Many public college and university facilities across Massachusetts were constructed in the 1960s and 1970s and are now reaching or exceeding their intended service life. Aging mechanical systems, deteriorating utilities, and outdated building layouts have created operational inefficiencies and infrastructure vulnerabilities. Meanwhile, traditional capital funding sources have not kept pace with rising construction and material costs or ongoing labor shortages, resulting in a growing backlog of deferred maintenance and modernization needs. Over decades, incremental upgrades and ad hoc repairs have further complicated campus infrastructure. In many cases, underground utilities and subsurface conditions are poorly documented, increasing the risk of costly surprises during construction.

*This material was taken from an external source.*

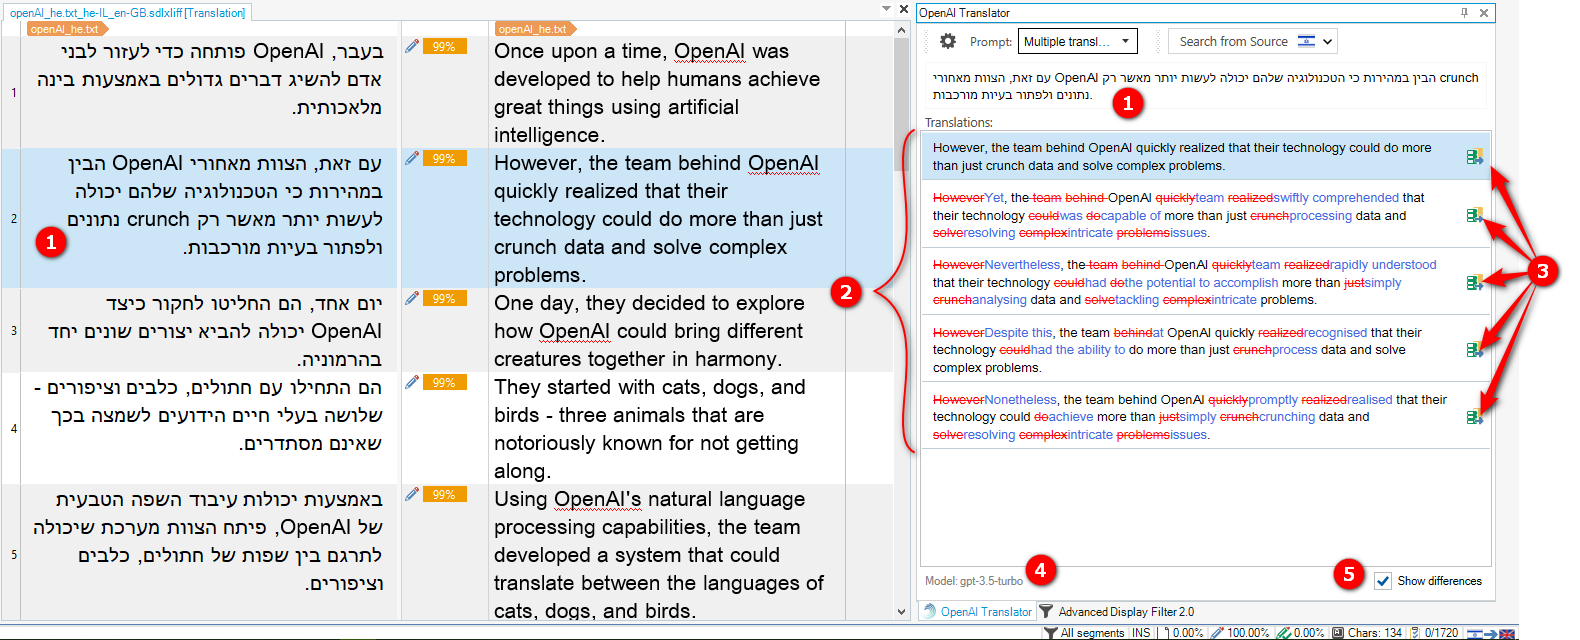 Zrzut ekranu przedstawiający pięć tłumaczeń tekstu źródłowego, z numerowanymi adnotacjami odnoszącymi się do informacji na ekranie i wyjaśnionymi poniżej.
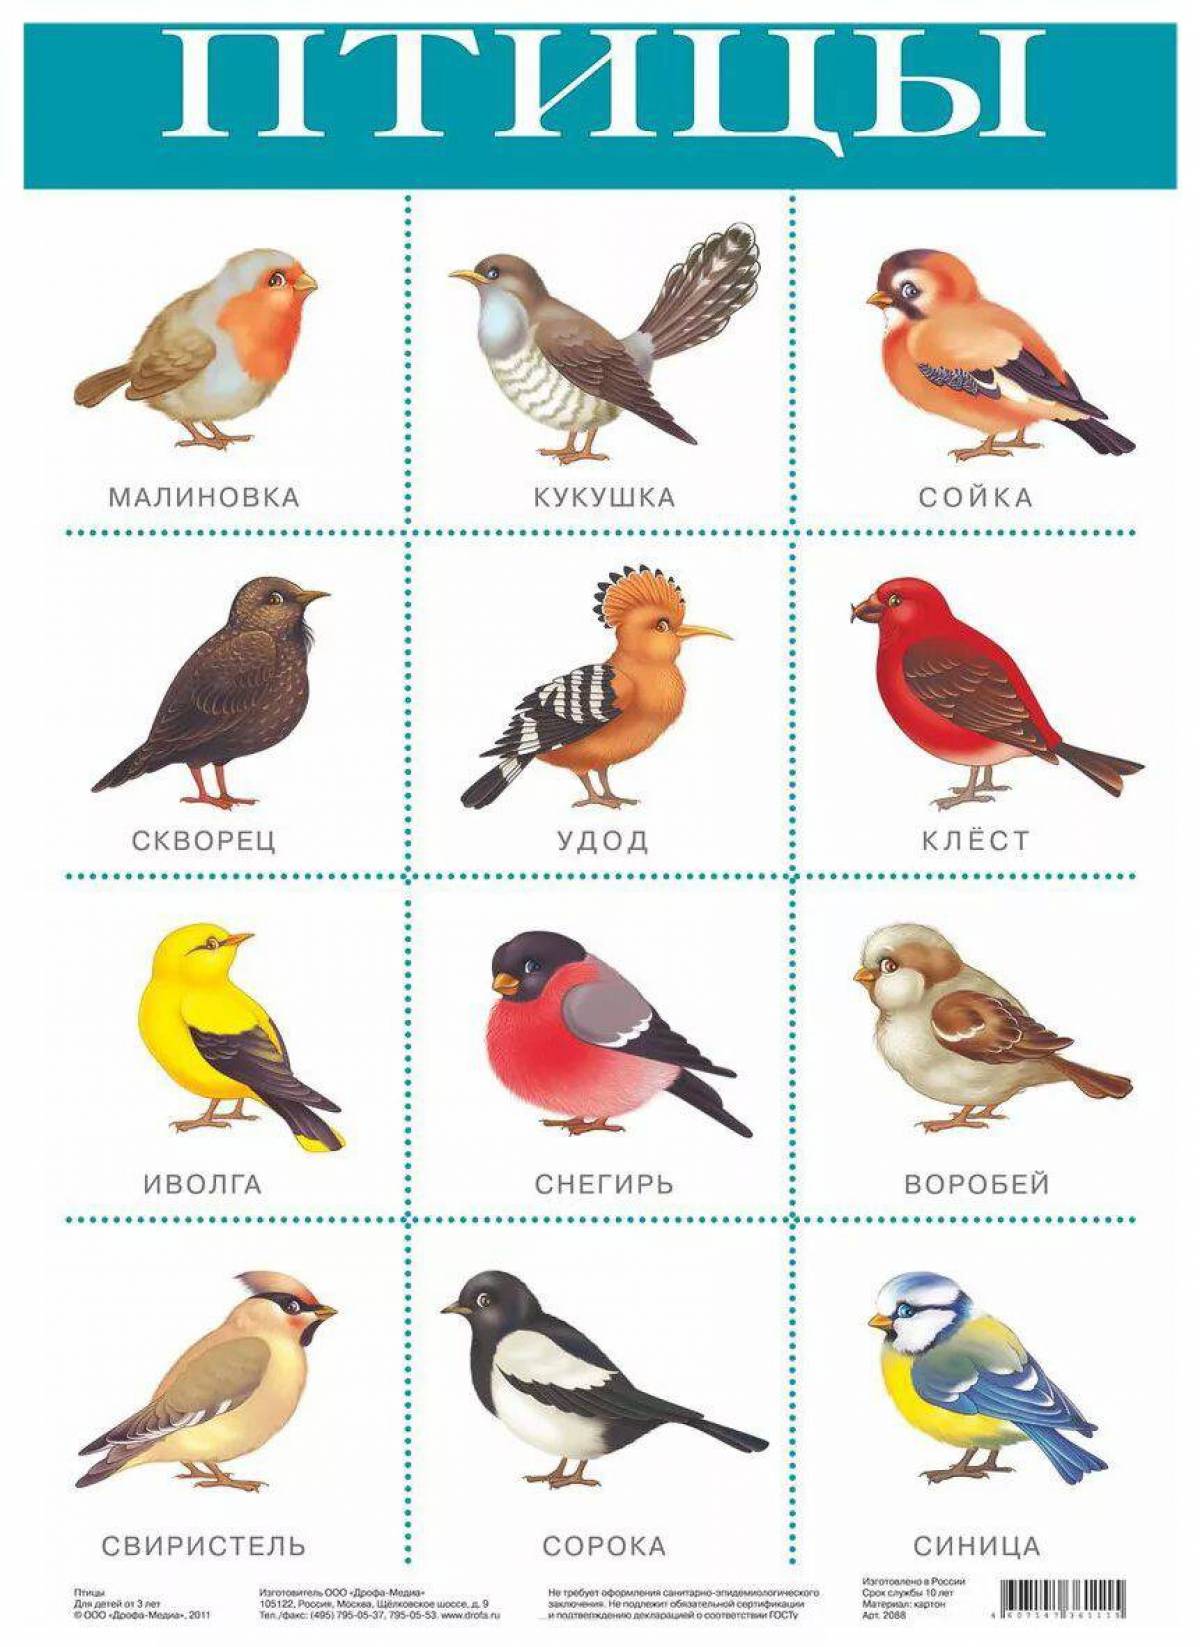 Картинки Птицы для детей 6 7 лет с названиями (39 шт.) - #5572

The BRIGHT Act’s infrastructure funding will support the construction and renovation of laboratories, classrooms, training facilities, and student housing across public higher education campuses. The legislation also enables the state to assist institutions with costs related to selling land or buildings to facilitate new housing development. As campuses prepare for a surge in construction activity, site work, and excavation, understanding subsurface conditions becomes not a secondary consideration, but a critical determinant of project success.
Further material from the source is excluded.